Lifecycle Management
Control your endpoint state:
graph LR
R[Ready] -->|Stop| S[Stopped]
S -->|Start| R
R -->|Delete| D[Deleted]
S -->|Delete| D
style R fill:#4CAF50,color:#fff
style S fill:#9E9E9E,color:#fff
style D fill:#F44336,color:#fff
| Action | Description |
|---|---|
| Start | Resume a stopped endpoint |
| Stop | Pause the endpoint (no billing) |
| Delete | Permanently remove endpoint |
Stop Endpoint
Stop an endpoint to pause billing:
- Click the pause icon on the deployment card
- Endpoint status changes to "Stopping" then "Stopped"
Stopped endpoints:
- Don't accept requests
- Don't incur charges
- Can be restarted anytime
Delete Endpoint
Permanently remove an endpoint:
- Click the delete (trash) icon on the deployment card
- Confirm deletion in the dialog
Permanent Action
Deletion is immediate and permanent.

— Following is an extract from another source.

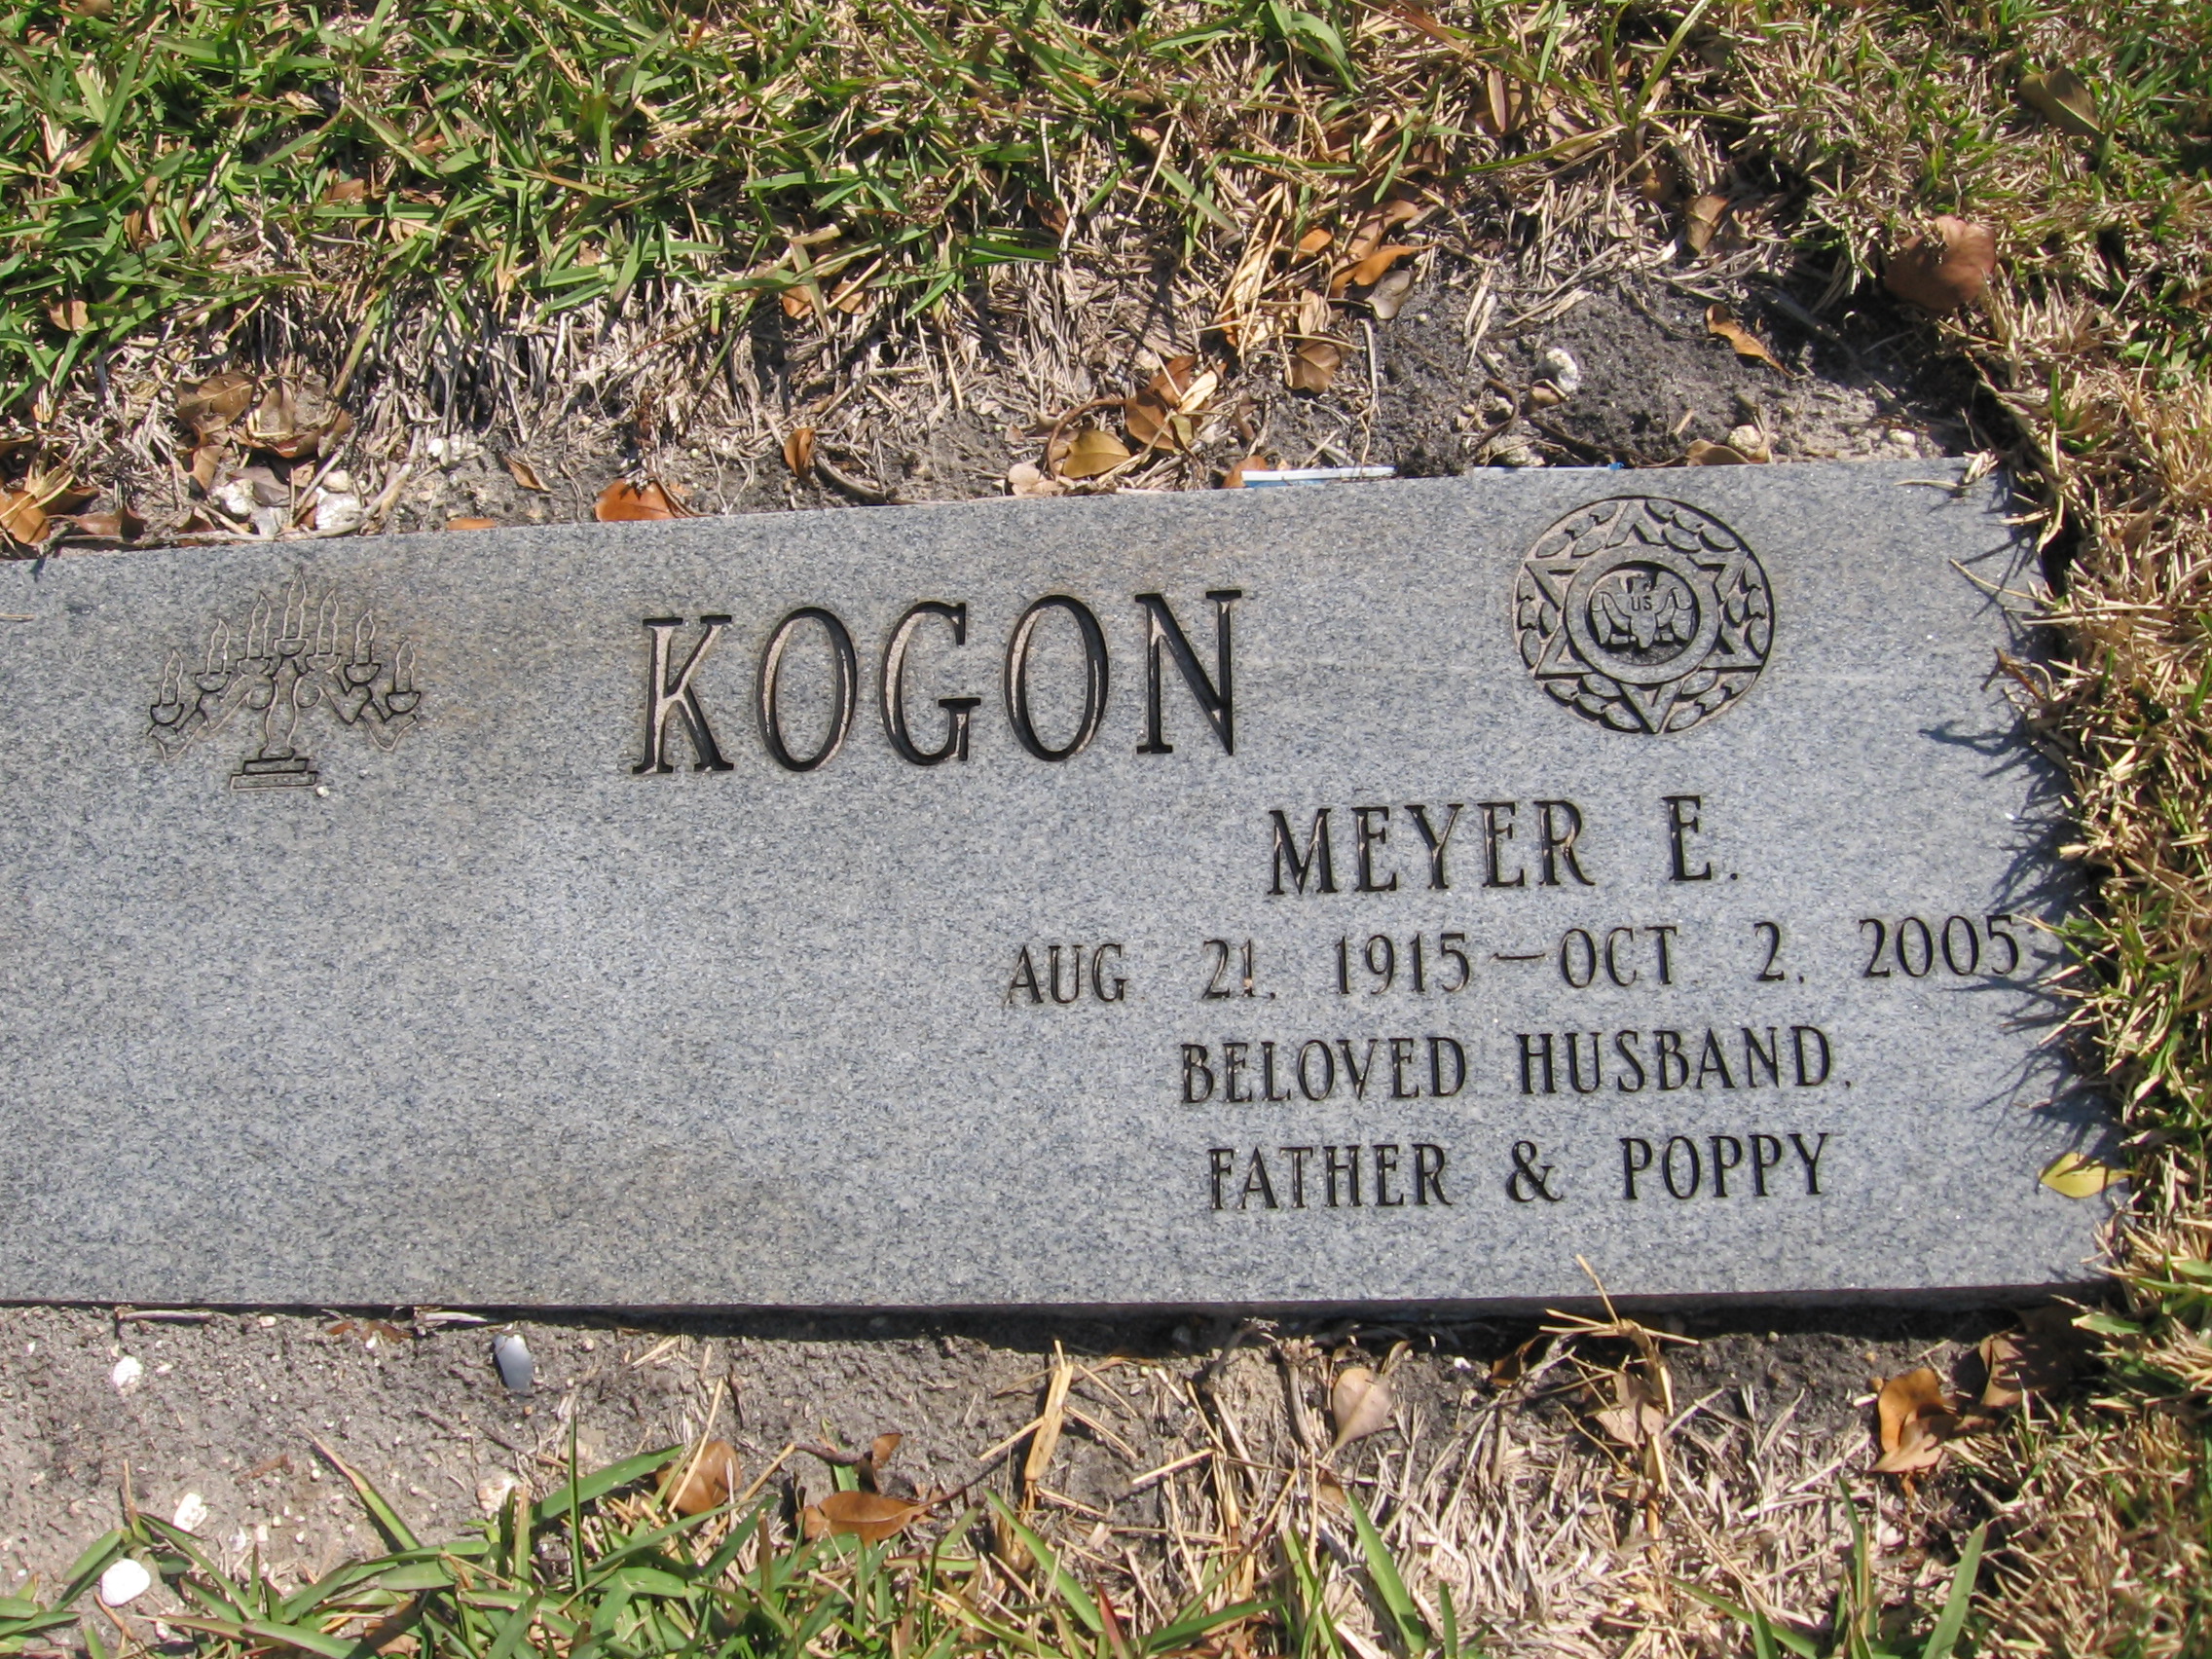 Meyer E Kogon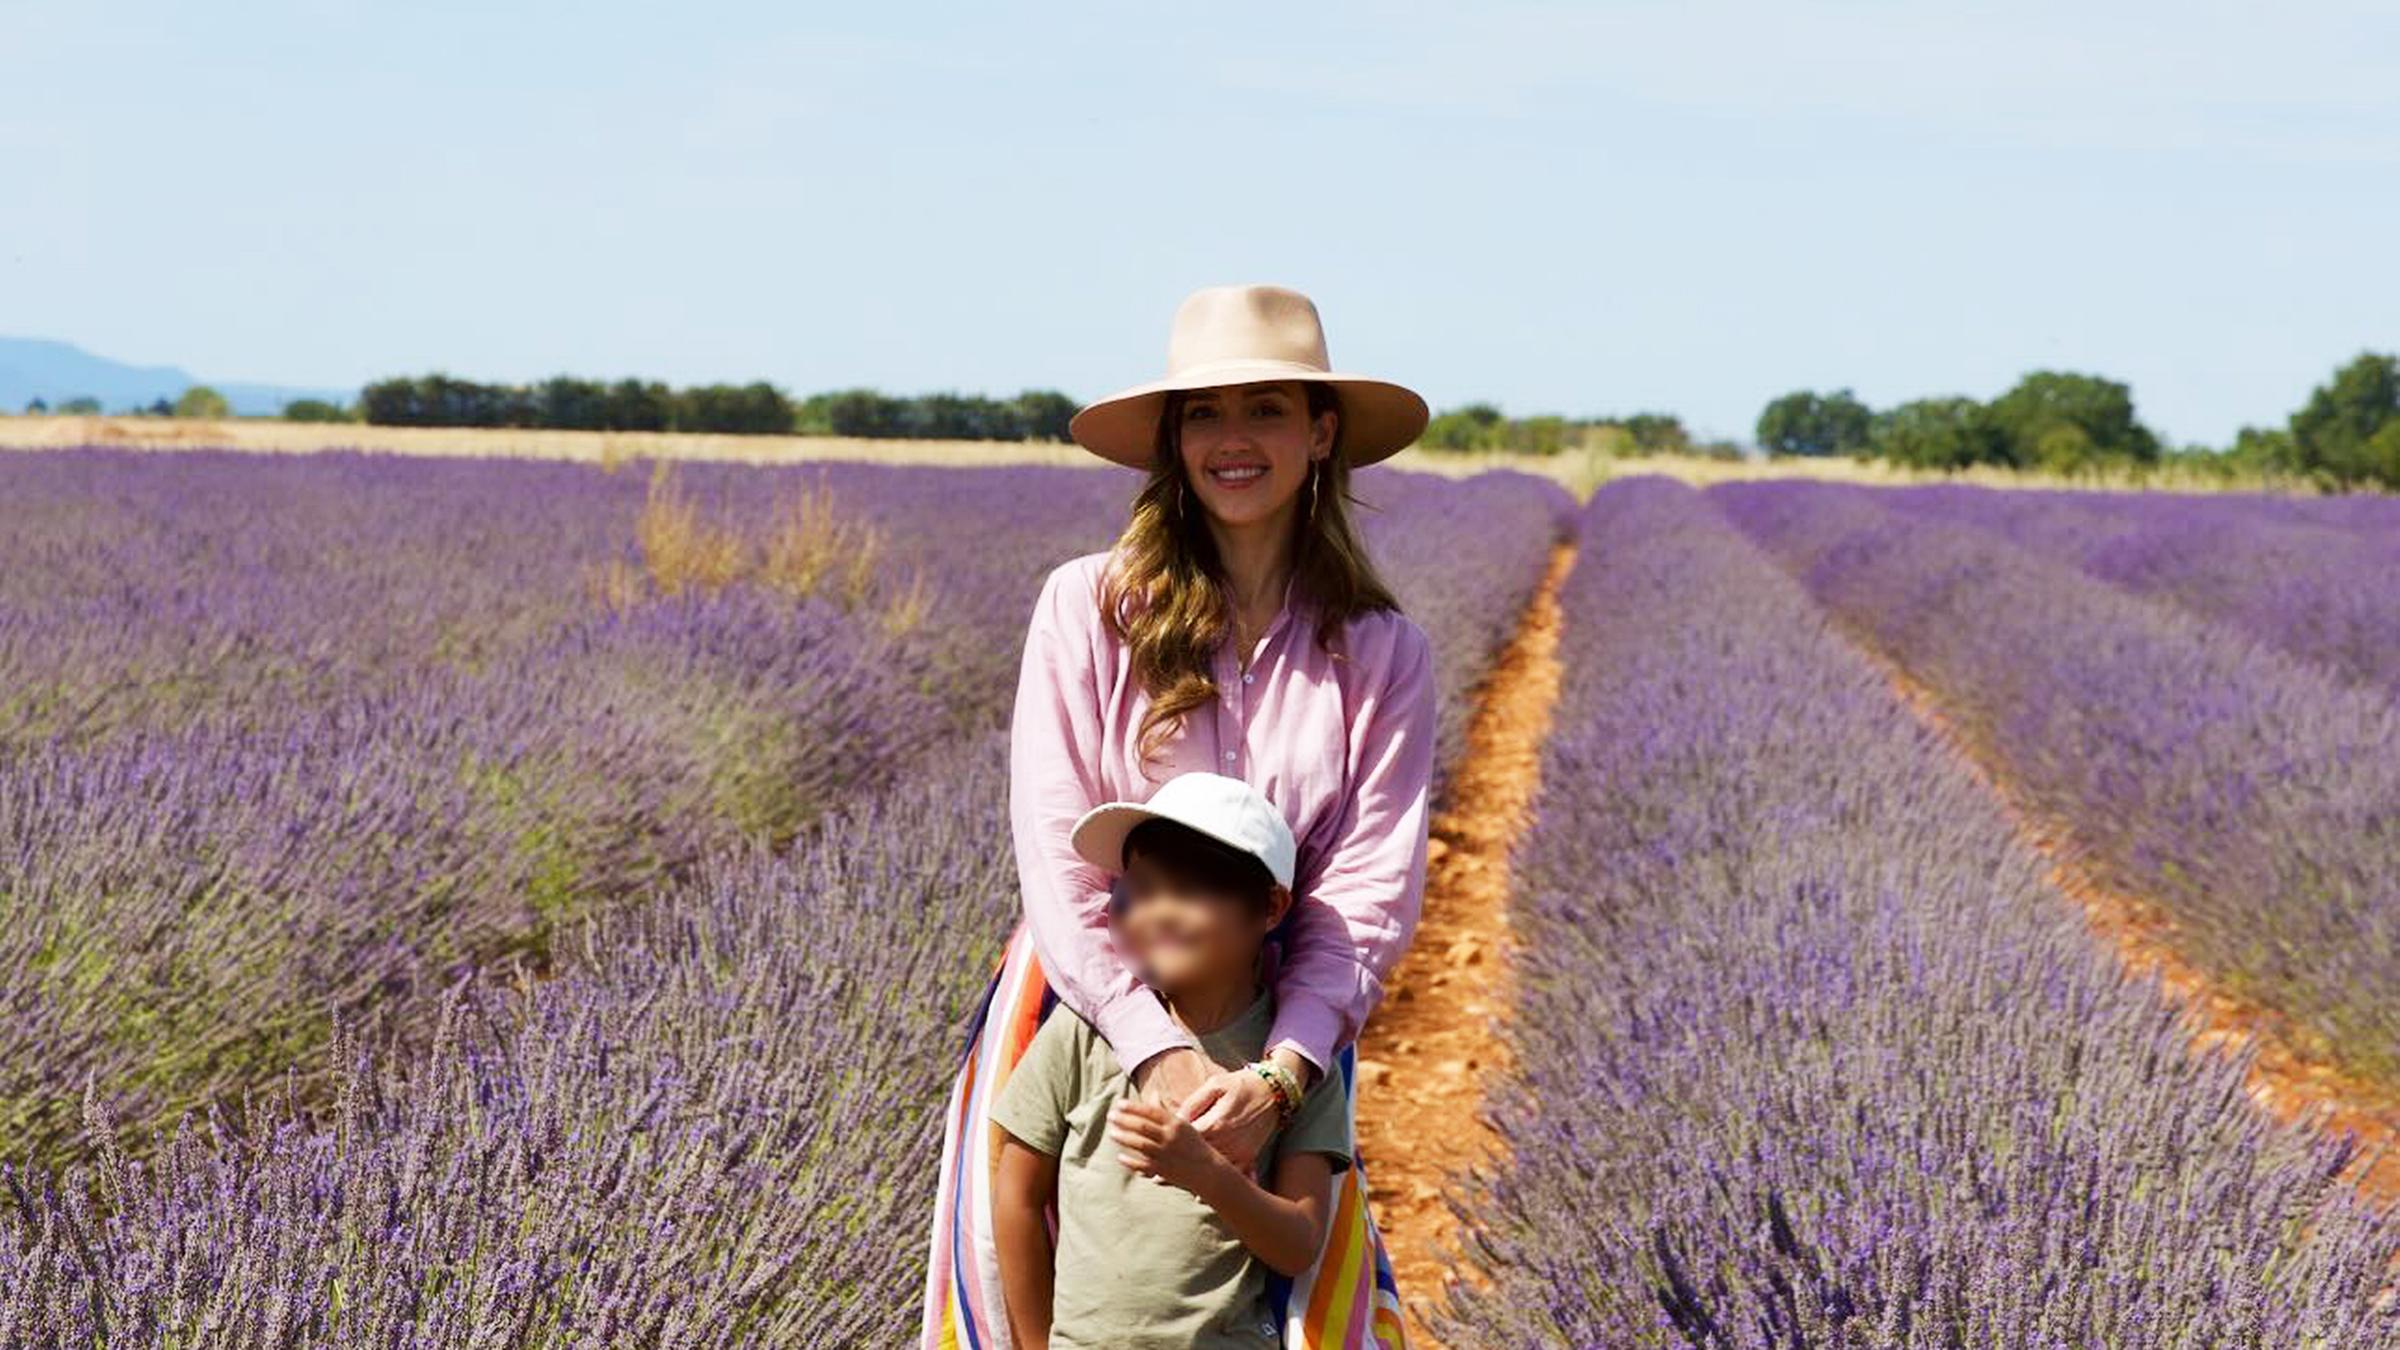 Urlaubsgrüße aus der Provence sendet Jessica Alba. Sie ist mit ihrer Familie in die Provence gereist. Der Duft in den Lavendelfeldern sei nicht von dieser Welt, schreibt sie dazu. (01.08.2024)

You can always create a new endpoint.
Using Endpoints
Authentication
Each deployment is created with an API key from your account. Include it in requests:
Authorization: Bearer YOUR_API_KEY
The API key prefix is displayed on the deployment card footer for identification. Generate keys from API Keys.
No Rate Limits
Dedicated endpoints are not subject to the Platform API rate limits. Requests go directly to your dedicated service, so throughput is limited only by your endpoint's CPU, memory, and scaling configuration. This is a key advantage over shared inference, which is rate-limited to 20 requests/min per API key.
Request Example
import requests
# Deployment endpoint
url = "https://predict-abc123.run.app/predict"
# Headers with your deployment API key
headers = {"Authorization": "Bearer YOUR_API_KEY"}
# Inference parameters
data = {"conf": 0.25, "iou": 0.7, "imgsz": 640}
# Send image for inference
with open("image.jpg", "rb") as f:
response = requests.post(url, headers=headers, data=data, files={"file": f})
print(response.json())
// Build form data with image and parameters
const formData = new FormData();
formData.append("file", fileInput.files[0]);
formData.append("conf", "0.25");
formData.append("iou", "0.7");
formData.append("imgsz", "640");
// Send image for inference
const response = await fetch(
"https://predict-abc123.run.app/predict",
{
method: "POST",
headers: { Authorization: "Bearer YOUR_API_KEY" },
body: formData,
}
);
const result = await response.json();
console.log(result);
curl -X POST \
"https://predict-abc123.run.app/predict" \
-H "Authorization: Bearer YOUR_API_KEY" \
-F "file=@image.jpg" \
-F "conf=0.25" \
-F "iou=0.7" \
-F "imgsz=640"
Request Parameters
| Parameter | Type | Default | Description |
|---|---|---|---|
file | file | - | Image file (required) |
conf | float | 0.25 | Minimum confidence threshold |
iou | float | 0.7 | NMS IoU threshold |
imgsz | int | 640 | Input image size |
normalize | string | - | Return normalized coordinates |
Response Format
Same as shared inference with task-specific fields.
Pricing
Dedicated endpoints bill based on:
| Component | Rate |
|---|---|
| CPU | Per vCPU-second |
| Memory | Per GB-second |
| Requests | Per million requests |
Cost Optimization
- Use scale-to-zero for development endpoints
- Set appropriate max instances
- Monitor usage in the Monitoring dashboard
- Review costs in Settings > Billing
FAQ
How many endpoints can I create?
Endpoint limits depend on plan:
- Free: Up to 3 deployments
- Pro: Up to 10 deployments
- Enterprise: Unlimited deployments
Each model can still be deployed to multiple regions within your plan quota.
Can I change the region after deployment?
No, regions are fixed. To change regions:
- Delete the existing endpoint
- Create a new endpoint in the desired region
How do I handle multi-region deployment?
For global coverage:
- Deploy to multiple regions
- Use a load balancer or DNS routing
- Route users to the nearest endpoint
What's the cold start time?
Cold start time depends on model size and whether the container is already cached in the region. Typical ranges:
| Scenario | Cold Start |
|---|---|
| Cached container | ~5-15 seconds |
| First deploy/region | ~15-45 seconds |
The health check uses a 55-second timeout to accommodate worst-case cold starts.
Can I use custom domains?
Custom domains are coming soon. Currently, endpoints use platform-generated URLs.